The Bill for Autonomy of State Bank of Pakistan

It will help in curtailing government expenditures and ensuring sound money, but changes needed to restore institutional check & balance

The key features of the SBP Autonomy Independent Bill 2021 are: (1) policy and institutional autonomy, which implies that the Bank will determine and implement monetary and exchange rate policies, manage currency and international reserves of Pakistan, and carry out these functions free from the influence of the Ministry of Finance yet under the overall target set by the federal government; (2) primary objective of SBP is to maintain inflation and achieve government’s set target; (3) it will be prohibited to lend money to the government for budgetary needs and or invest in government securities rolled out in primary markets; (4) SBP will submit performance report to the parliament and; (5) Bank’s employees are protected against any action in a court of law.

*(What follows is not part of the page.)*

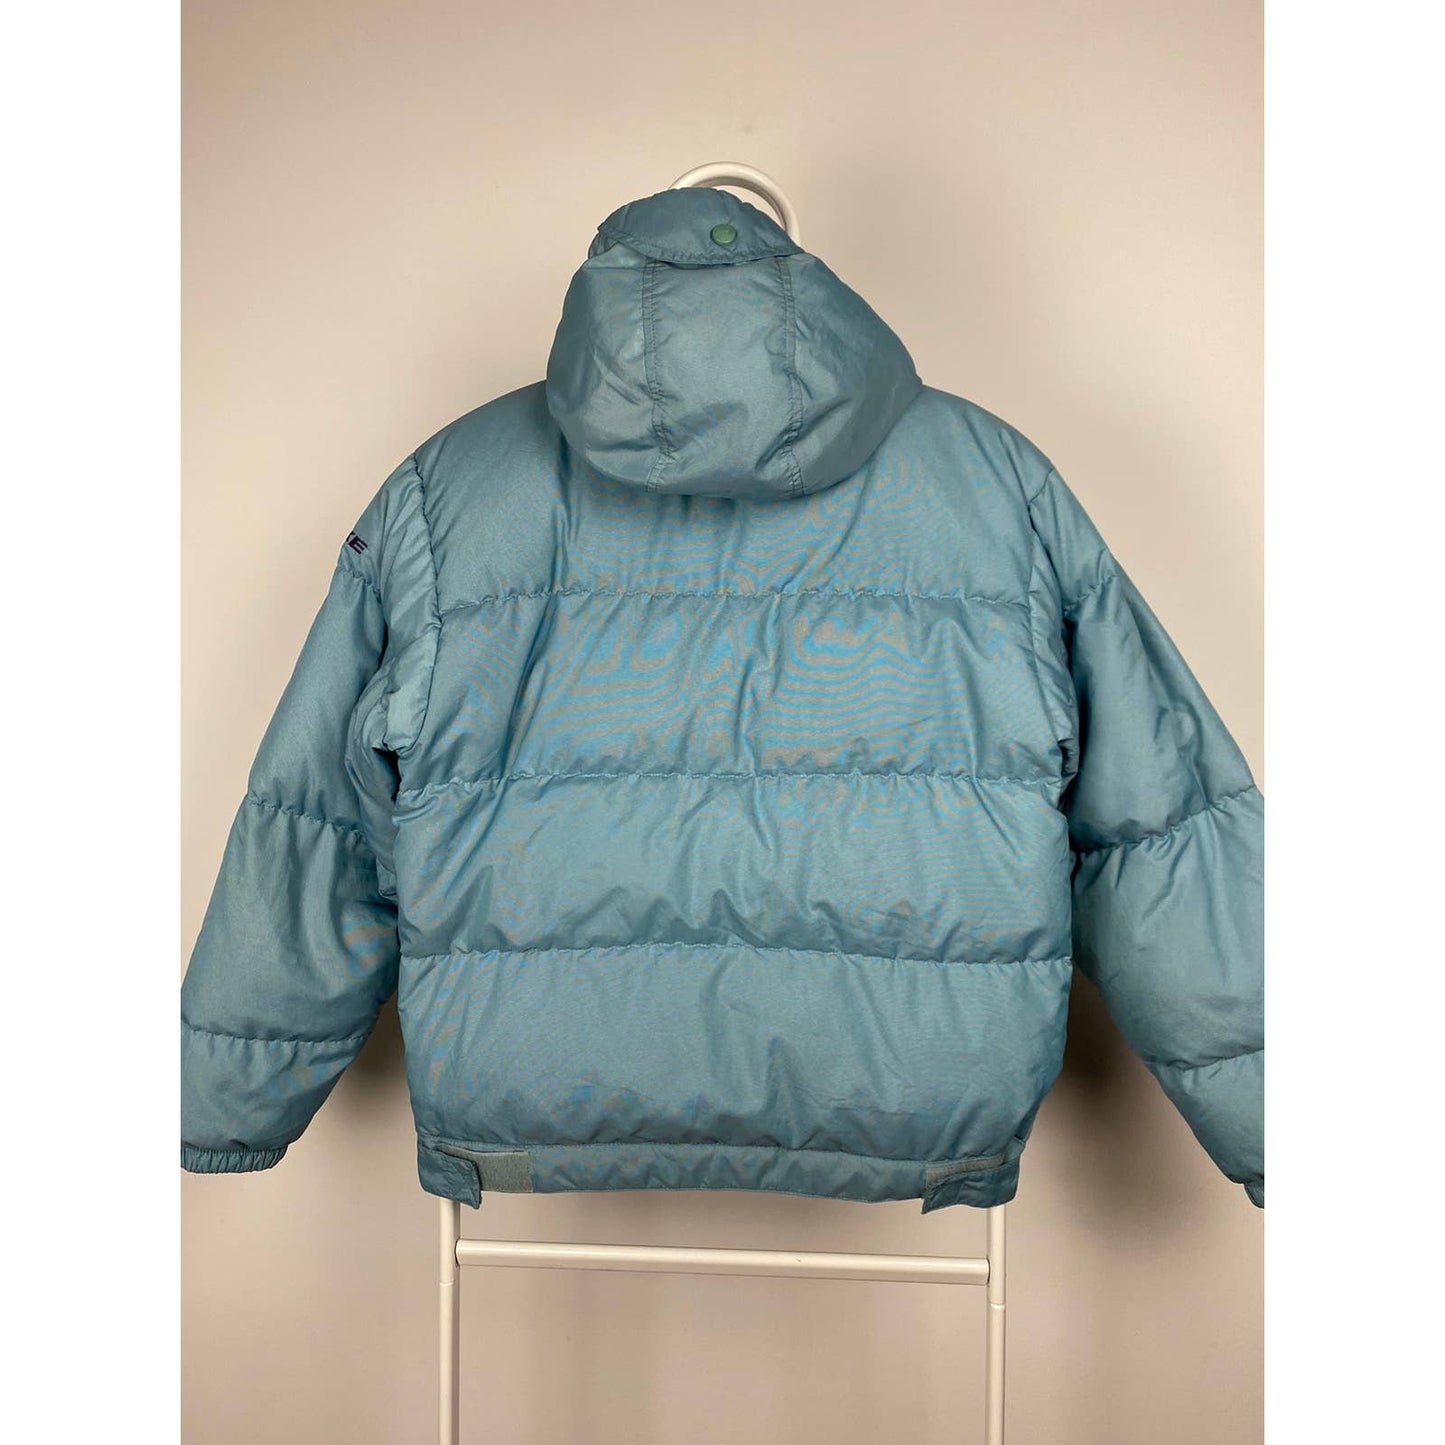 90s Nike vintage baby blue puffer jacket small swoosh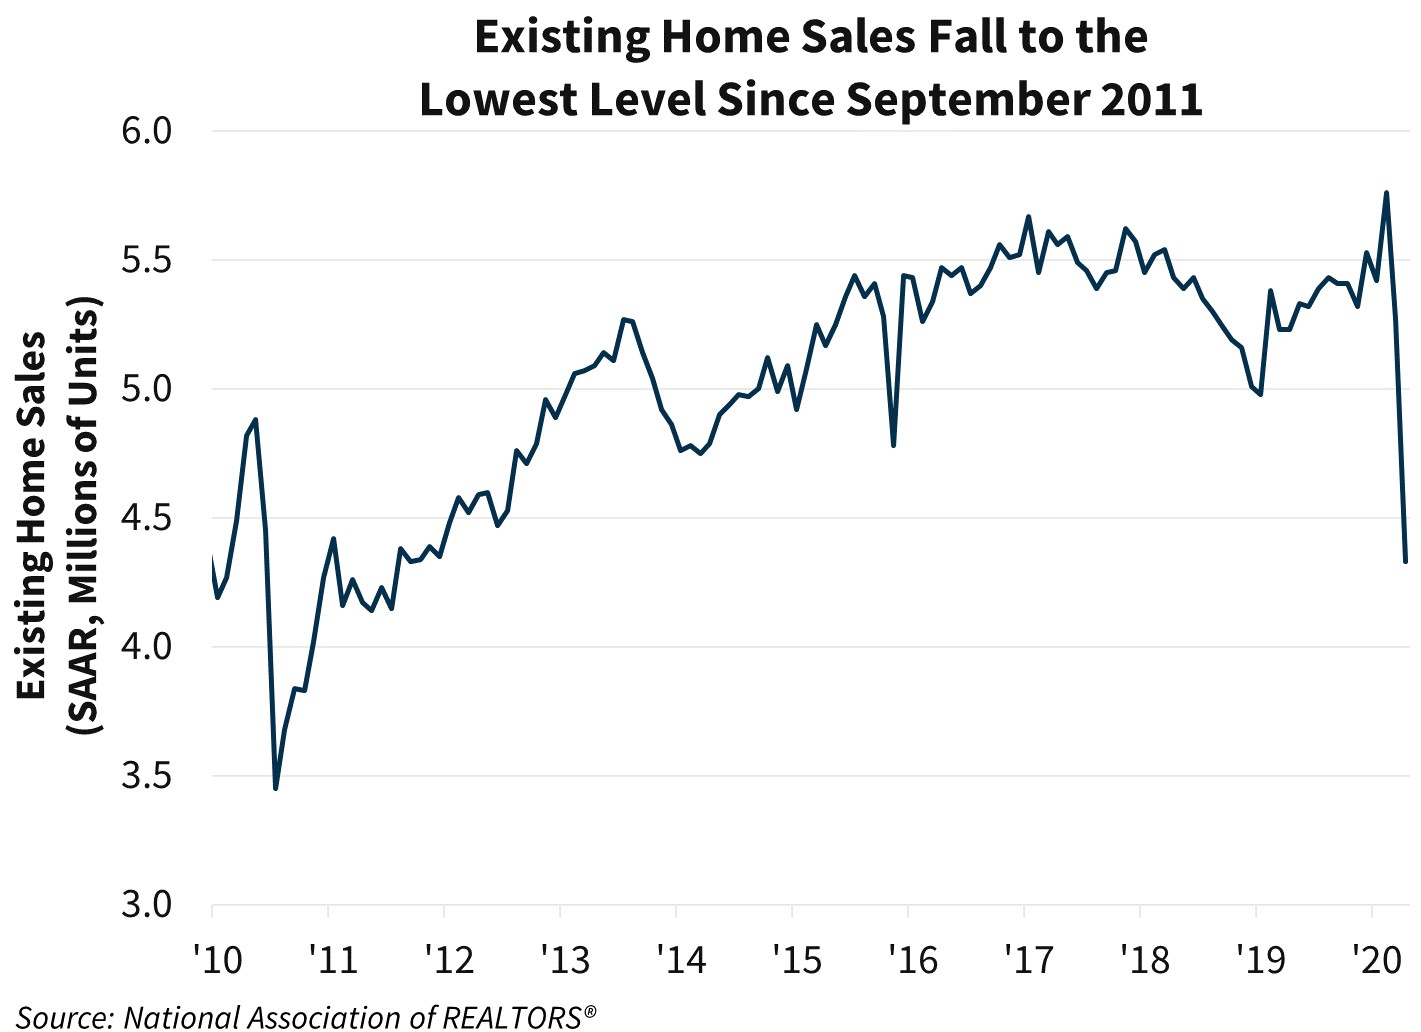 Existing Home Sales fall to the Lowest Level Since September 2011

The policy autonomy of SBP will help in better management of exchange rate which has been historically kept overvalued. An estimate by PIDE (2020), suggests that the country has lost more than $100 billion of foreign exchange reserves since the inception of the country to fix the exchange rate and keep the currency overvalued. The autonomy of SBP will improve soundness of money, which means currency will not be prone to artificial controls, sudden shocks, and frequent erosion in purchasing power. The PTI government has effectively taken this government already in 2018.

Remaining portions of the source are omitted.